California bills would take badges from misbehaving officers
SACRAMENTO >> California would start licensing law enforcement officers, create a way to end their careers for misbehavior including racial bias, and make it easier to sue them for monetary damages under an expanded version of legislation that died at the end of last year’s legislative session, supporters said Tuesday.
California is one of just four states without a way to decertify police officers, alongside Hawaii, New Jersey and Rhode Island.
“These are officers who have abused their authority and violated the public trust, and we all agree they must be held accountable,” said state Sen. Steven Bradford, who is carrying the most sweeping of several decertification proposals. “We (in California) claim to be a leader in all things — we shouldn’t be an outlier when it comes to police reform.”
The bill by Bradford, who heads the Senate Public Safety Committee, would require the state’s Commission on Peace Officer Standards and Training to issue each officer a proof of eligibility or basic certificate. Currently, the state licenses more than 200 professions and trades including doctors, lawyers, and contractors, but not law enforcement officers.
Bradford’s bill would give the commission the power to investigate officers and revoke their eligibility for wrongs including using excessive force, sexual assault, making a false arrest or report, or participating in a law enforcement gang. Some of those investigations could be retroactive under his revised proposal.

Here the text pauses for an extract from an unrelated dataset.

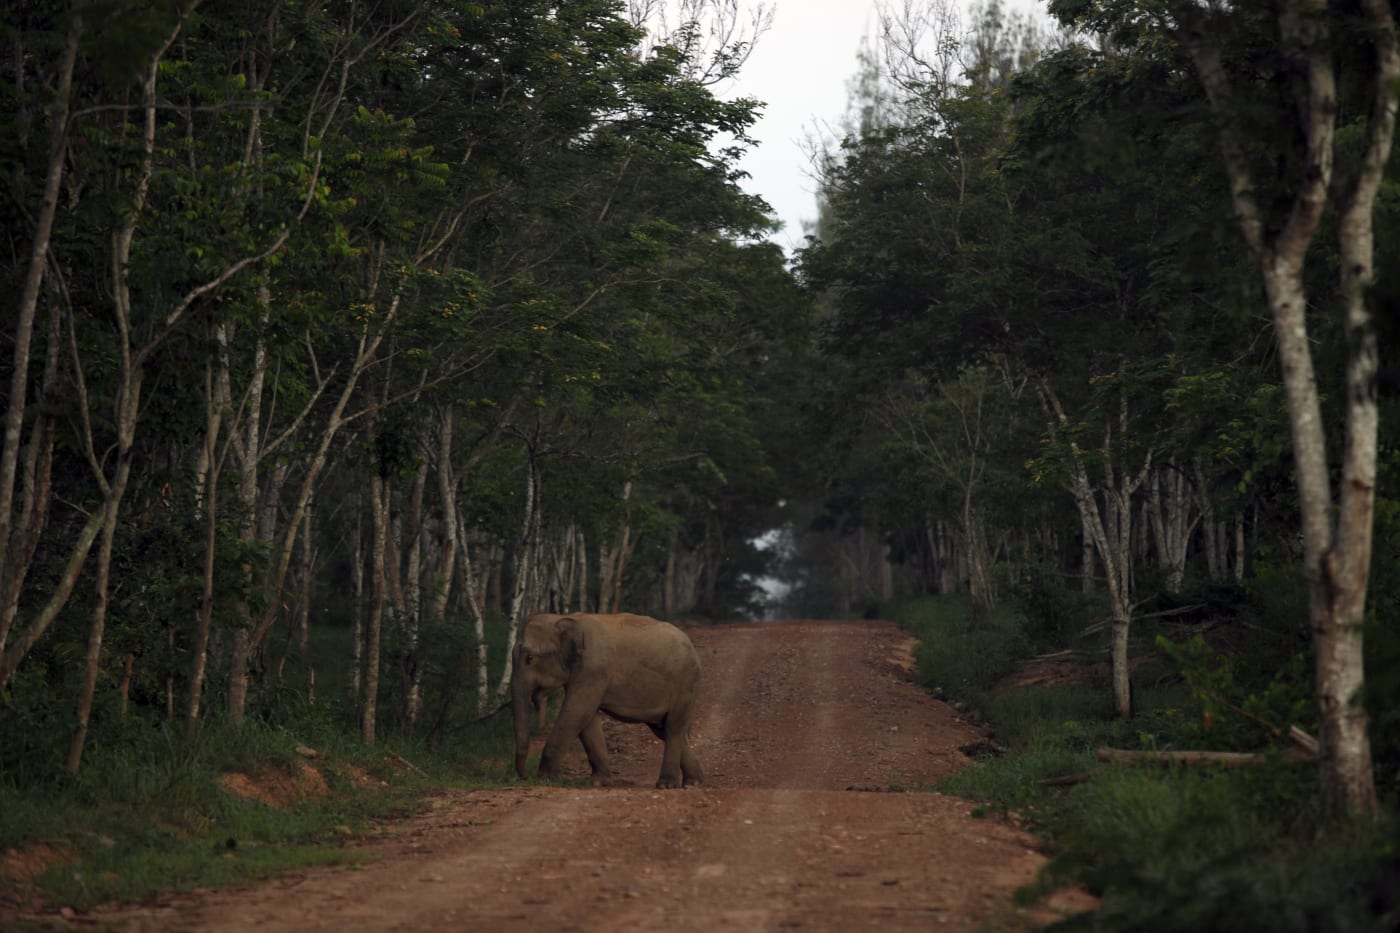 A lone Asian elephant walks along a road in the forest in Kui Buri National Park in Thailand's Prachuap Kiri Khan Province.

Police could also lose their badges for “acts demonstrating bias” based on race, religion, sexual orientation or mental disability, among other criteria.
Bradford said in his bill that three of every four unarmed persons killed by police were people of color.
“Decertifying police officers (who abuse their power) ... is key to building trust between the police and the communities and changing the culture of policing in this state,” said Cephus Johnson, a criminal justice reform advocate widely known as Uncle Bobby X whose nephew, Oscar Grant, was killed by transit police in the San Francisco Bay Area in 2009.
Two bills, one by Assemblyman Jim Cooper, himself a former sheriff’s captain, and the other by fellow Democratic Assemblyman Rudy Salas, both have a much stronger law enforcement representation on the statewide panel considering decertification than would Bradford’s bill. Neither includes the licensing or lawsuit provisions in Bradford’s bill.
The third bill, by Republican Assemblyman Jordan Cunningham, would require local law enforcement agencies to complete misconduct investigations even if the officer resigns. The practice of ending investigation after an officer resigns has allowed questionable officers to simply move to another department.